Life is what it is, you cannot change it; but you can always change yourself.
Hazrat Pir-o-Murshid Inayat Khan
Related Material by Pir-o-Murshid Inayat Khan
Compiled by Wahiduddin Richard Shelquist – wahiduddin.net
In Sufi terms the crushing of the ego is called Nafs Kushi [ nafs: self, ego; kushi: literally starve, figuratively denial, privation — Muiz ]. And how do we crush it? We crush it by sometimes taking ourselves to task. When the self says, ‘O no, I must not be treated like this,’ then we say, ‘What does it matter?’ When the self says, ‘They ought to have done this, they ought to have said that,’ we say, ‘What does it matter, either this way or that way? Every person is what they are; you cannot change them, but you can change yourself.’ That is the crushing. … It is only in this way that we can crush our ego.
Every time that we notice its pinprick, every time that its thorns appear before our eyes, we should crush it and say, ‘What are you? Are you not thorns, are you not the cause of unhappiness for others and myself as well? I do not want to see my own being in such a form, in the form of thorns! I want my being to be turned into a rose, that I may bring happiness, pleasure, and comfort to others.’ If there is anything needed in spiritual teaching, in seeking truth, in self-realization, it is the refinement of the ego. For the same ego which begins by being our worst enemy, will in the end, if developed and cultivated and refined, become our best friend.
[ Approaching this training of the nafs/ego with less violent terminology than crushing or killing it is more in line with our current understandings of effective psychological and spiritual practice. This kinder and more compassionate approach is also mentioned by Hazrat Inayat Khan at the end of the last sentence above — “if developed and cultivated and refined …”. This perspective and viewpoint of development, cultivation, and refinement is also in line with historical Sufi understandings of the nature an structure of the ego and how to work with it. The nafs is also described as a spectrum of different stages, or octaves of vibration, rather than it being a single, static thing, state, stage, or experience.
This spectrum runs from extremely dense, compacted, opaque, binary, and exclusionary, called nafs-i ammara … mostly darkness and very little light, completely selfish, self-centered and self-involved, relating to everything outside of itself as “other” to be used for its own interests and purposes, with no acknowledgment of the Being-ness of others, operating from the so-called “lizard-brain”, mechanically, reactively, instinctively, no capacity for self-reflection and self-criticism, always in survival, fight or flight mode;
Through various increasing degrees of expansion, inclusion, refinement and translucency: nafs-i lawwama and nafs-i mutma’inna … various mixtures of darkness and of light, coarseness and refinement, exclusion and inclusion, selfishness and selflessness, beginning to experience Life and “self” above the mind-mesh;
To complete and full transparency, expansion, inclusion: nafs-i salima … all light, love, peace, selflessness, experiencing the Unity within and without, the stage of the awakened souls, living fully above the mind-mesh, and yet still able to operate within that limited realm without losing awareness of the larger perspective.
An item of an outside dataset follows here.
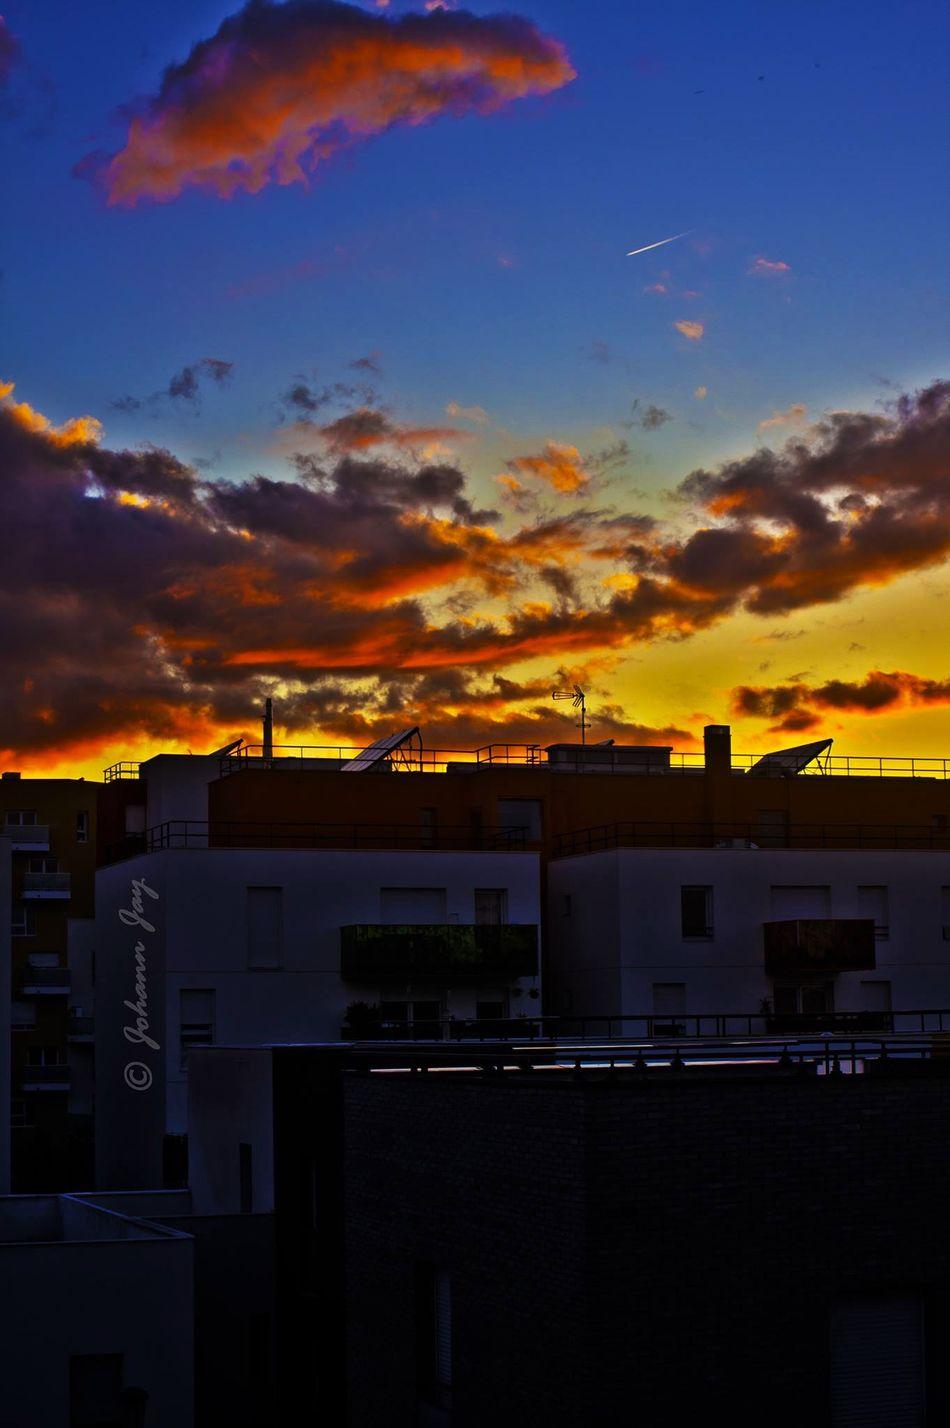 Coucher De Soleil Ciel Ciel Flamboyant Sur La Ville  Urban Geometry Arbunisme Ambiance Du Soir Lumière Du Soir Entre Ombre Et Lumiere Crépuscule

In the written literature, there are also expanded descriptions of the stages that enumerate 5, and even 7 stages, rather than the 4 described here. But the important point is that the development of nafs is a spectrum with one stage transforming into the next based on how expanded and transparent the nafs structure has become. So there isn’t any annihilation, or killing, or crushing of the nafs in the sense that often arises from the use of that terminology but rather a mystical and alchemical transmutation of the denser aspects into the more refined and transparent. What falls away, or dies, in this process is the false, limited, and distorted/distorting ideas, concepts, beliefs, and projections.
And we need to remember that progress is not strictly linear, the way that describing the 4 stages in sequence might suggest. The various parts and aspects of our consciousness move, grow, and evolve at different speeds. Like Life in general, it’s often all happening simultaneously, as our awareness shifts from one identity to another, to another. At times the identity in the “driver’s seat” is nafs-i mutma’inna, sometimes nafs-i ammara, sometimes nafs-i lawwama, and every once in a while, the transcendent aspect of nafs-i salima puts in an appearance. — Muiz ]
( from the Sufi Message Series, Volume VII – In an Eastern Rose Garden: Human Evolution )
Commentary by Murshid S.A.M. (Sufi Ahmed Murad) Samuel L. Lewis
From the spiritual point of view this Life is infinite, subject to neither change nor influence of finite forces. It has its characteristics which have been enumerated or described by humanity, but this Life is more than its characteristics. It can never be changed; it can never be ended; it is eternal in every direction. Ya Hayy!
From the outer point of view, what is called life is the result of the composite Karma of all creatures working in the sphere of the higher form or mode of Life. That is to say, there is Life, which is entirely separated from the sphere of Limitation, and there is life in the bosom of which there is the action and reaction of all the minute forces of creation. Out of the second form of life comes darkness, tribulation, night, and all evil, but the higher Life is never affected by it, any more than the sun is destroyed by fog.